I logged into our firewalls today to find the clock of our primary firewall was 45 minutes ahead and our backup firewall was 35 minutes behind. Embarrassing. It’s important to keep the clocks of all the machines in our cluster synchronized in case we ever need to investigate an intrusion or correlate activity between multiple machines.

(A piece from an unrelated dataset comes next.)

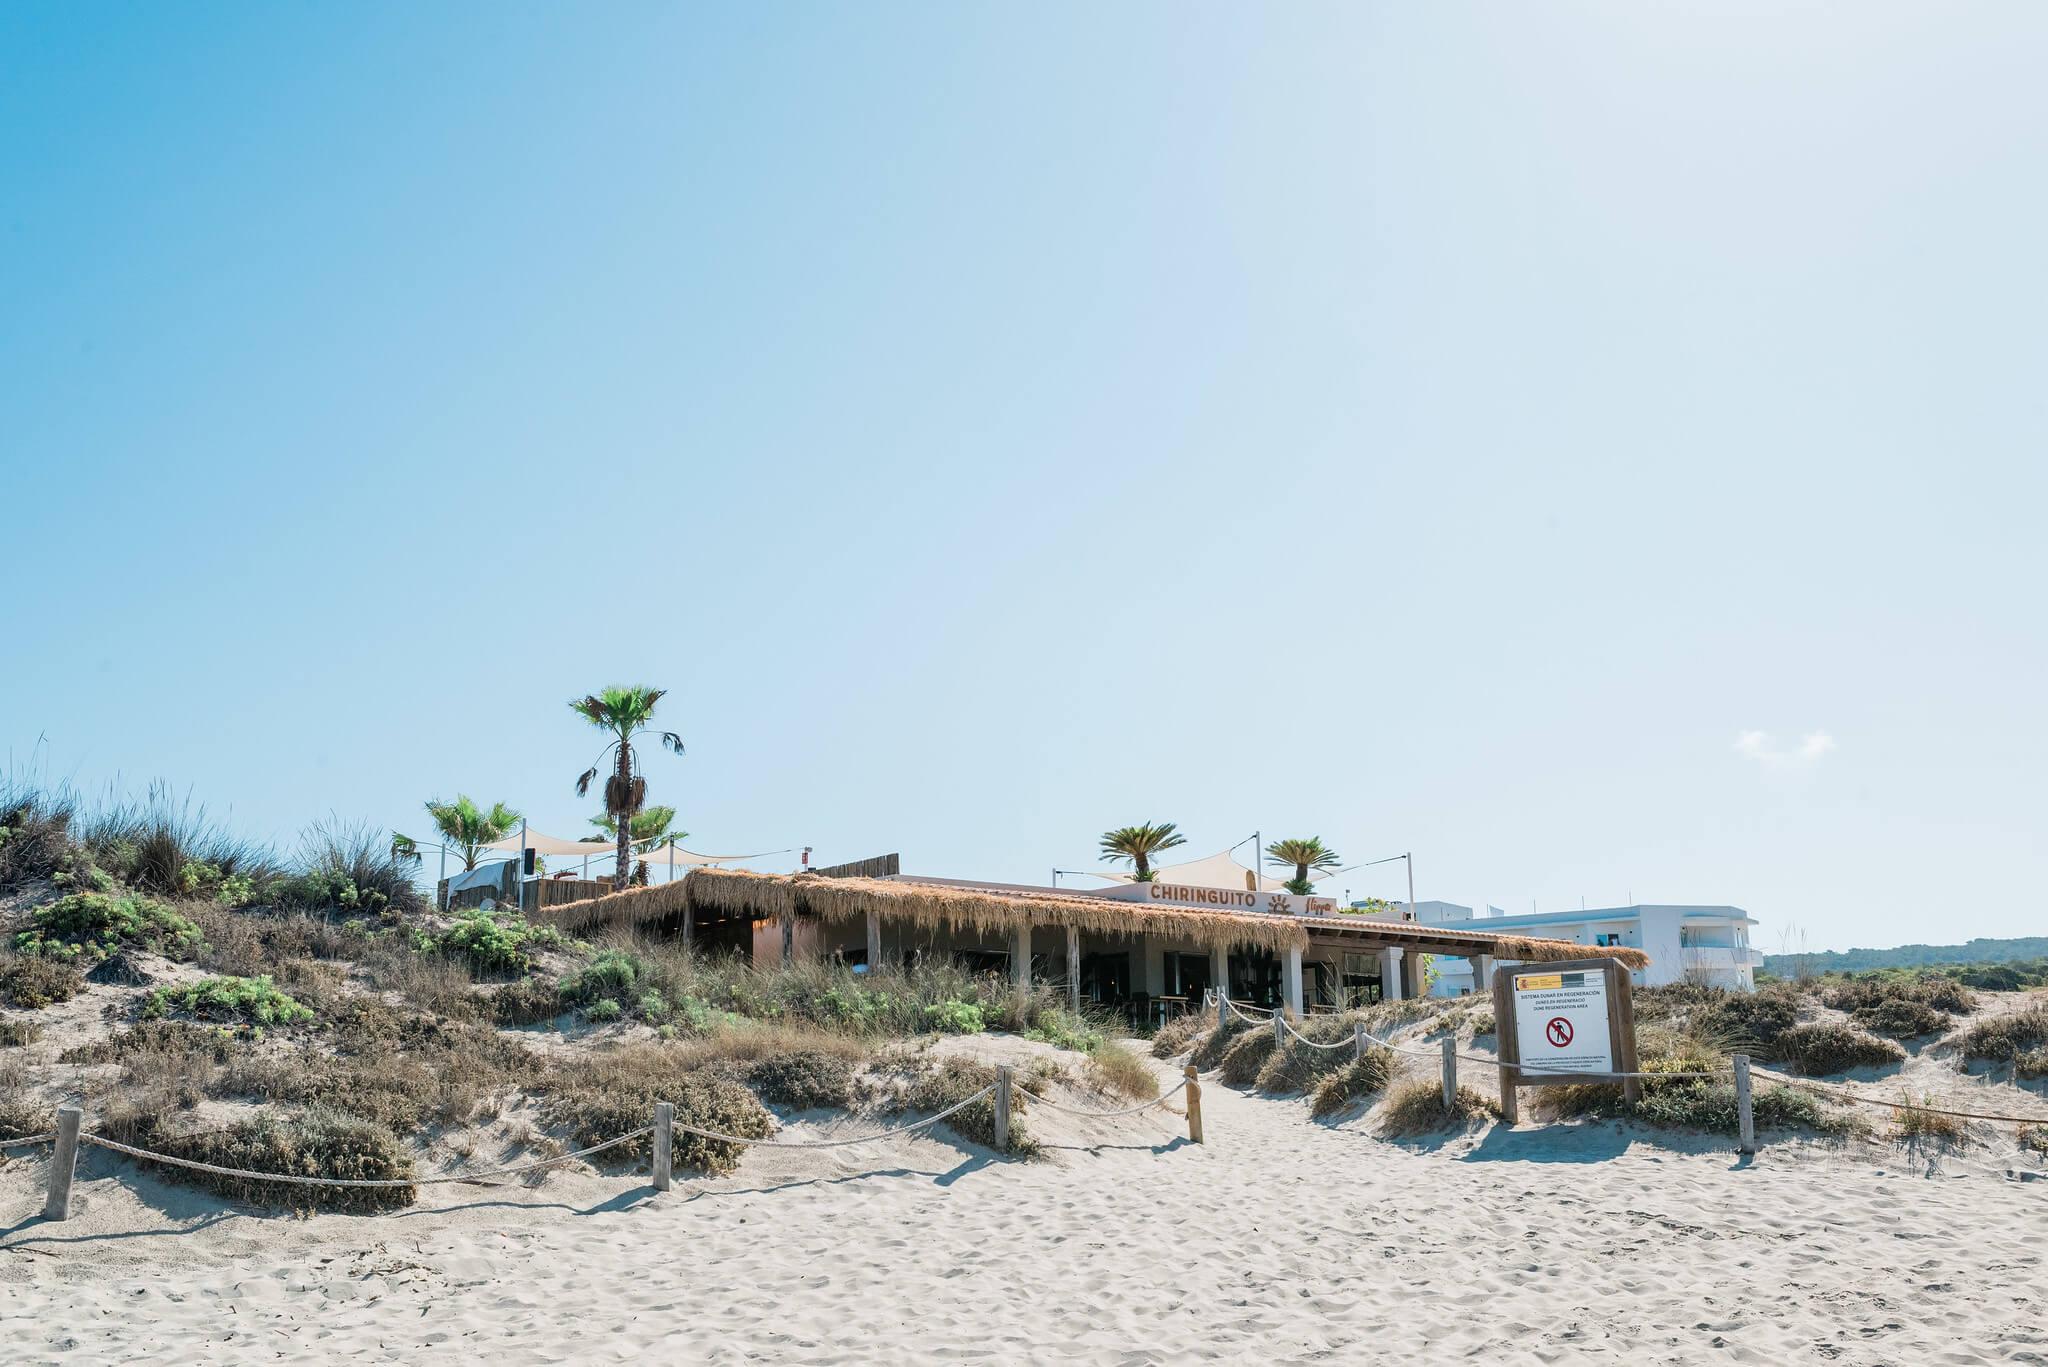 https://www.white-ibiza.com/wp-content/uploads/2020/03/formentera-beach-restaurants-flipper-2020-02.jpg
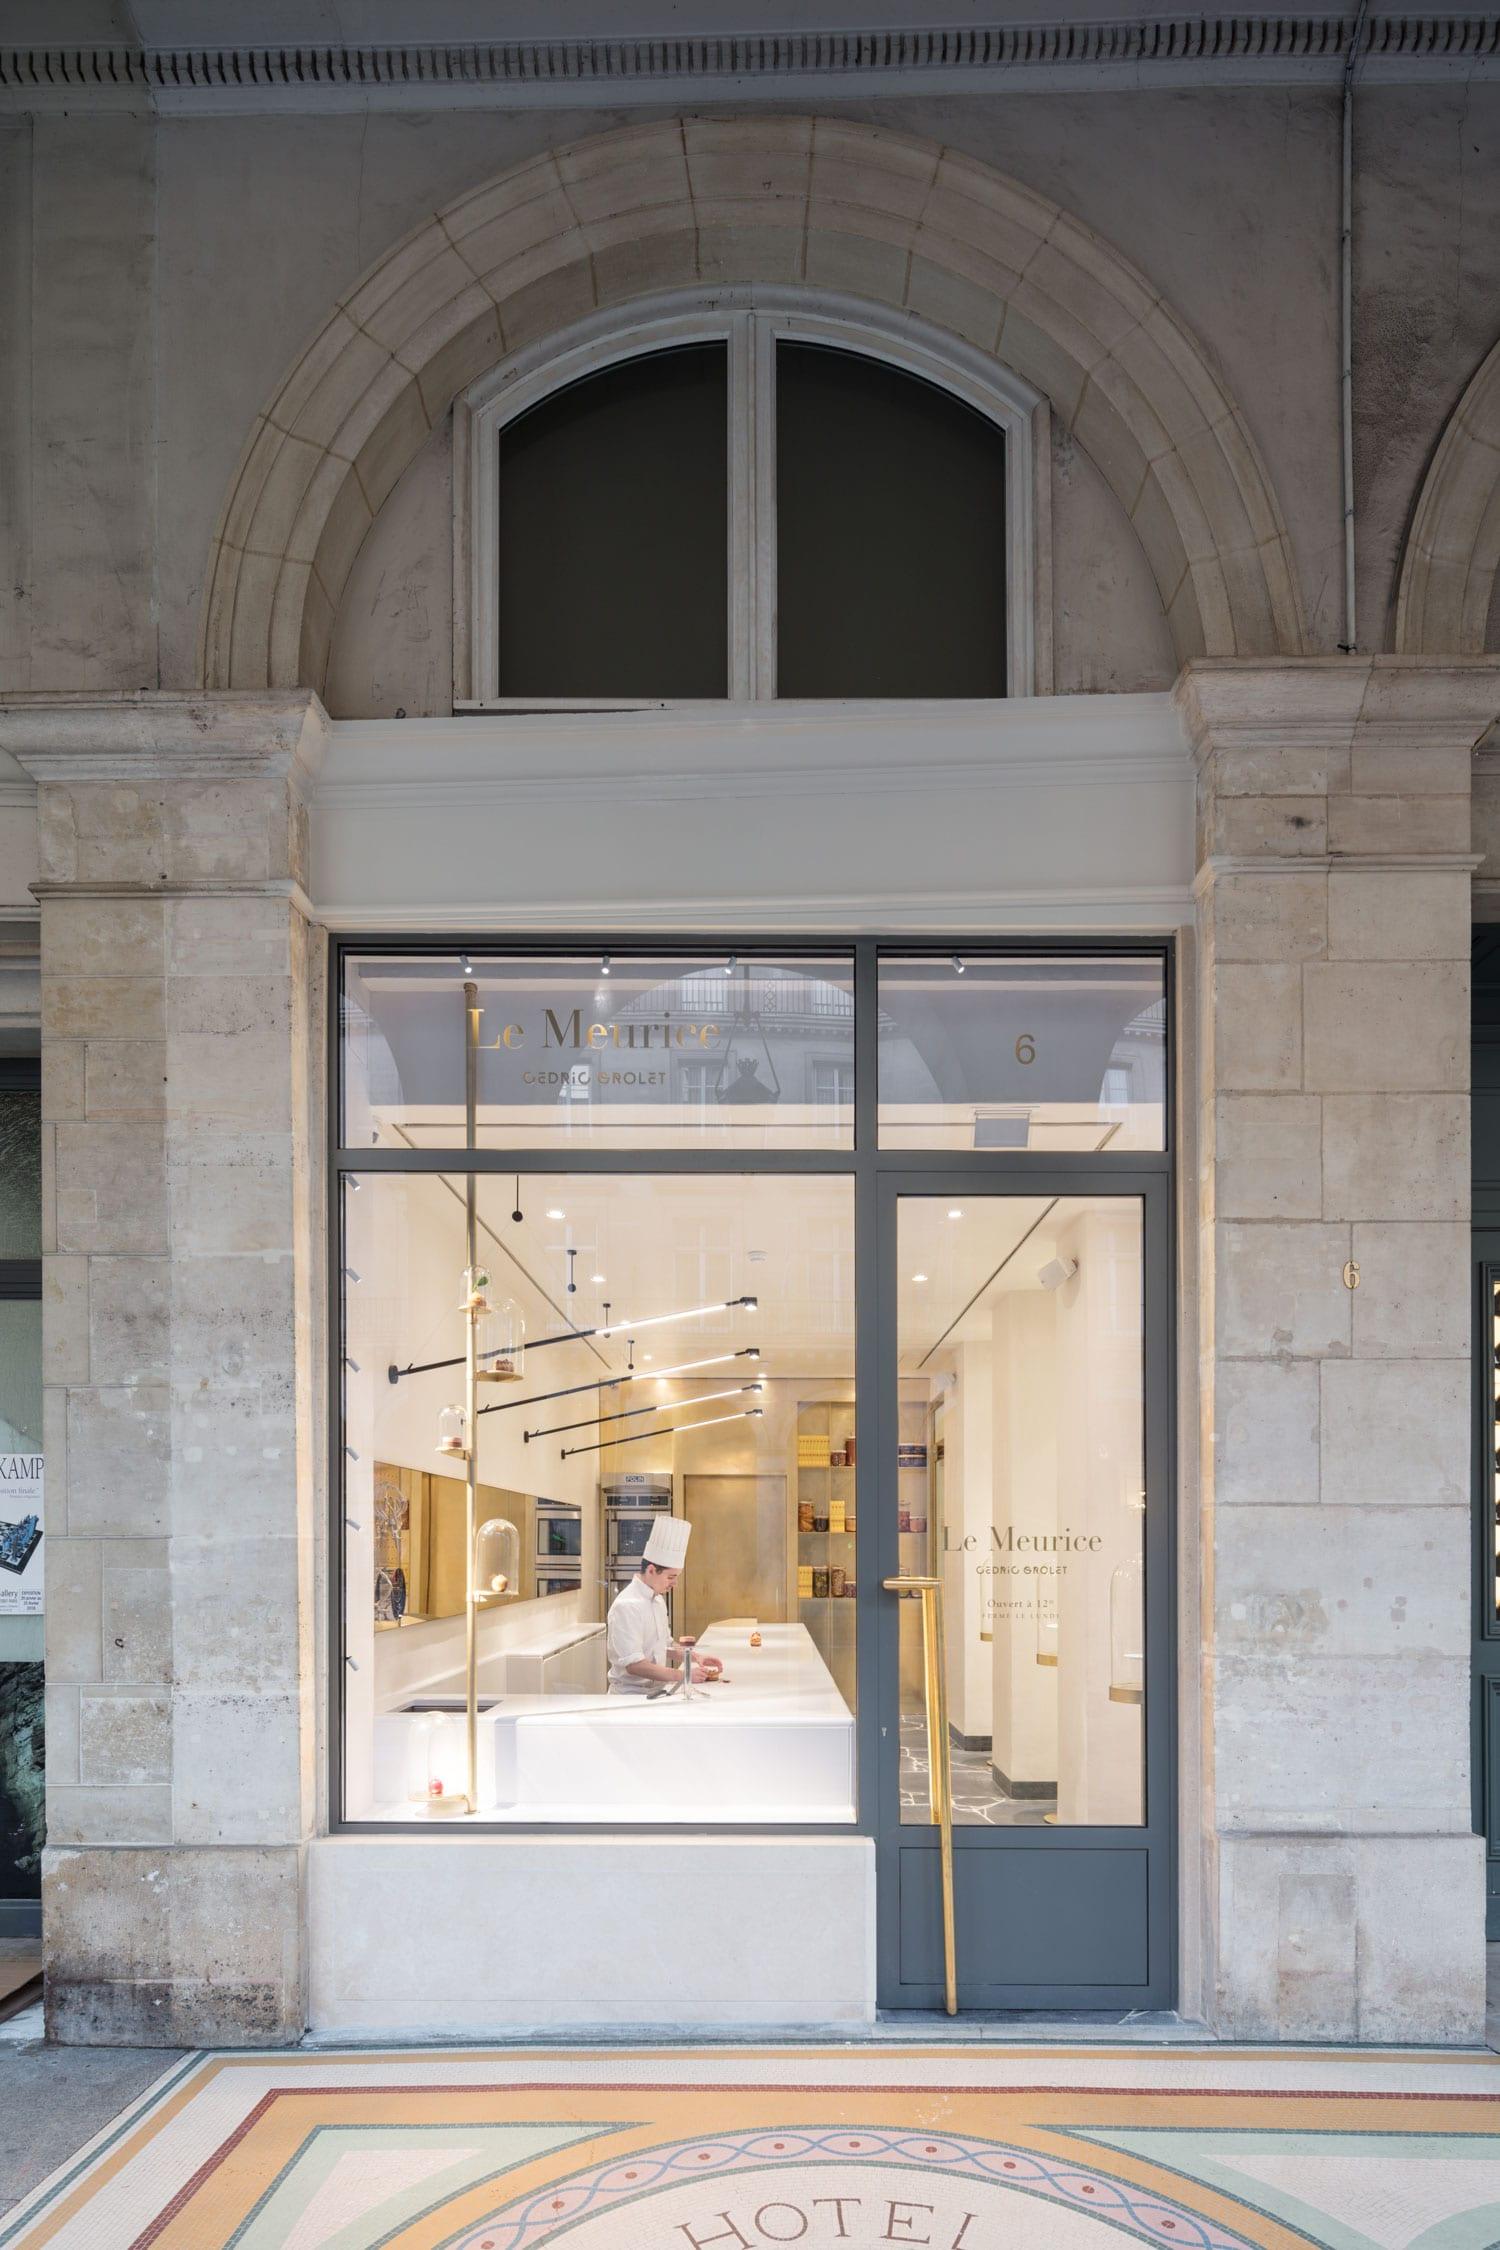 Cédric Grolet\u0027s Meurice Patisserie in Paris by Ciguë

The thing is, I have ntpd installed and running on both of these machines but it wasn’t updating the clock. Investigating /var/log/messages, I found ntpd was generating error messages like:
Sep 25 17:29:42 fw2 ntpd[2090]: sendto(xx.xx.xx.34) (fd=19): Operation not permitted
Sep 25 17:30:48 fw2 ntpd[2090]: sendto(xx.xx.xx.34) (fd=19): Operation not permitted
Sep 25 17:31:54 fw2 ntpd[2090]: sendto(xx.xx.xx.34) (fd=19): Operation not permitted
Sep 25 17:33:00 fw2 ntpd[2090]: sendto(xx.xx.xx.34) (fd=19): Operation not permitted
Sep 25 17:34:03 fw2 ntpd[2090]: sendto(xx.xx.xx.34) (fd=19): Operation not permitted
I received these errors with ntpdate as well but if I used the -u argument for an unprivileged port, it worked. Smells like firewall. This is where my sixty seconds of Google didn’t give me an immediate answer so I started by adding some logging rules to the firewall to give me more information about what packets were failing:
iptables -A OUTPUT -o eth0 -p udp -d <IP address of time server> --dport 123 \
-j LOG --log-prefix "NTP output: "
iptables -A INPUT -i eth0 -p udp -d <IP address of client> --dport 123 \
-j LOG --log-prefix "NTP input: "
Running ntpdate again, I trapped the following error:
Sep 25 17:57:18 fw2 kernel: NTP output: IN= OUT=eth0 SRC=xx.xx.xx.3 DST=xx.xx.xx.34
LEN=76 TOS=0x00 PREC=0x00 TTL=64 ID=0 DF PROTO=UDP SPT=123 DPT=123 LEN=56
Ah ha! The SPT=123 DPT=123 shows that both the source port and destination port are 123! This is unusual for a daemon; usually the source port will be a unprivileged port between 1024 and 65535. Knowing this, it was easy to correct the firewall rule:
# allow client to query and receive timeserver
iptables -A OUTPUT -o eth0 -p udp \
-s <IP address of client> --sport 123 \
-d <IP address of time server> --dport 123 \
-m state --state NEW -j ACCEPT
the -m state is for stateful filtering; you could just as well leave it off and use -j ACCEPT to blanket accept traffic for this rule.